TASK REQUIREMENTS: If a line in the entries below holds the string "Home", copy it.

--*--

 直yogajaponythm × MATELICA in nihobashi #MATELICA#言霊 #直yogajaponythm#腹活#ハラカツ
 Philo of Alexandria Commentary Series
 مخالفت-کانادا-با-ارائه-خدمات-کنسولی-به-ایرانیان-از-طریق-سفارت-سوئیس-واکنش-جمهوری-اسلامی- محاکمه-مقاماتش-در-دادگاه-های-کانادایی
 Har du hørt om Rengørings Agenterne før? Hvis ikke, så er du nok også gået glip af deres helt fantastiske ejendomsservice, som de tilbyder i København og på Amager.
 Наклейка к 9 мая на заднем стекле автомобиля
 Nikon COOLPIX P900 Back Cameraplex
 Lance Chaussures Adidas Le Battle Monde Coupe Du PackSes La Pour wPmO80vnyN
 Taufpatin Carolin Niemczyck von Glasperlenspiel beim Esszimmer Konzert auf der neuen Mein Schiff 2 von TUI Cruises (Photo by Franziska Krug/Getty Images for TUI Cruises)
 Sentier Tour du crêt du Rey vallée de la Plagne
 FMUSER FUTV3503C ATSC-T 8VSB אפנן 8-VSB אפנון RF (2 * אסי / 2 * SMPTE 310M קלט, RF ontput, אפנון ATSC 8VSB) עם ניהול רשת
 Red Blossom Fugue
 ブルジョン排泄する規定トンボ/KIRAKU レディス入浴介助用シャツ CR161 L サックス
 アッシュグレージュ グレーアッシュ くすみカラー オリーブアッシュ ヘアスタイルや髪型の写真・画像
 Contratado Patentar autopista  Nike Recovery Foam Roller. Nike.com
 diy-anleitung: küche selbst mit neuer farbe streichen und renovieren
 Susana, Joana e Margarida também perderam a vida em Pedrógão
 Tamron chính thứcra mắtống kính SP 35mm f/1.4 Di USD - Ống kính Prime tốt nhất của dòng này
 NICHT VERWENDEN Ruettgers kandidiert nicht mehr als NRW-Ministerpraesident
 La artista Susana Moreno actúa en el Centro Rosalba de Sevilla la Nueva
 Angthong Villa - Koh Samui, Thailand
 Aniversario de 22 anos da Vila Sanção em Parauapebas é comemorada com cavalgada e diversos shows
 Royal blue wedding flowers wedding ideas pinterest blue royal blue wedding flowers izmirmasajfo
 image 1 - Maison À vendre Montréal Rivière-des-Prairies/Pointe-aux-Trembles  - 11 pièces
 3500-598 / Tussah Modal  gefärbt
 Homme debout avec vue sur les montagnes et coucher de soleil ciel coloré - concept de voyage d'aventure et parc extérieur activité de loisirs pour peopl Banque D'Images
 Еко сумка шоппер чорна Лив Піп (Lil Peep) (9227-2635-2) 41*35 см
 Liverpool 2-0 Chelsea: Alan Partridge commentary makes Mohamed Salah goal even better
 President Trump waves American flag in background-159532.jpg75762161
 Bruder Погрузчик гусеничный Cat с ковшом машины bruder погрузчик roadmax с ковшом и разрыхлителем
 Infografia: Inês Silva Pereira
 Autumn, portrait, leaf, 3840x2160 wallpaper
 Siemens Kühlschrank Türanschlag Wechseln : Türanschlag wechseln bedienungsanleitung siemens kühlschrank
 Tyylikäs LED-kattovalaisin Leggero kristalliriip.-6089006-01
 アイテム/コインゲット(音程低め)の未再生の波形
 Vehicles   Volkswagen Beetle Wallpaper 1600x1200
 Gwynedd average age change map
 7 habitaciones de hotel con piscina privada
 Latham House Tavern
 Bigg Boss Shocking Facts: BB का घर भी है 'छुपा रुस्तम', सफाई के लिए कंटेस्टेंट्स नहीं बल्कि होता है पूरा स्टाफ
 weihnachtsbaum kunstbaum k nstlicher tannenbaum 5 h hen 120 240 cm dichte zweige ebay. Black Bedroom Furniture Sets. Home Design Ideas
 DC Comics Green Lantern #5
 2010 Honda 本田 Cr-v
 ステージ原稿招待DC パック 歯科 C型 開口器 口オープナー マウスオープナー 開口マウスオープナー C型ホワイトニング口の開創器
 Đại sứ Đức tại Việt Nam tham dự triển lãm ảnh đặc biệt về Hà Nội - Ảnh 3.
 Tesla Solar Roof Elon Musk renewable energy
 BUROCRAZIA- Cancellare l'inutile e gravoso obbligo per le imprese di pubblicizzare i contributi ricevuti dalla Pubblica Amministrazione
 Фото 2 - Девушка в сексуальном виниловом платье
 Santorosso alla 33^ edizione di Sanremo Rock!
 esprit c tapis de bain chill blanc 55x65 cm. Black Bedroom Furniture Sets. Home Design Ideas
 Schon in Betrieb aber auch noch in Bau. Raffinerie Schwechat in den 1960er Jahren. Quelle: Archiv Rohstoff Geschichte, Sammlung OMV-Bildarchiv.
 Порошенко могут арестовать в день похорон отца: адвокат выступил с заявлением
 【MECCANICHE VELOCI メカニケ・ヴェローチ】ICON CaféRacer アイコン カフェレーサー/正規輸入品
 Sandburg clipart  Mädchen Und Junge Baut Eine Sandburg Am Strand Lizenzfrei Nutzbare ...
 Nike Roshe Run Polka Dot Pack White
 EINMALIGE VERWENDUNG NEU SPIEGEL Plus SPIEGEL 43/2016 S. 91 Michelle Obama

--*--

ANSWER TO THIS TASK:
 weihnachtsbaum kunstbaum k nstlicher tannenbaum 5 h hen 120 240 cm dichte zweige ebay. Black Bedroom Furniture Sets. Home Design Ideas
 esprit c tapis de bain chill blanc 55x65 cm. Black Bedroom Furniture Sets. Home Design Ideas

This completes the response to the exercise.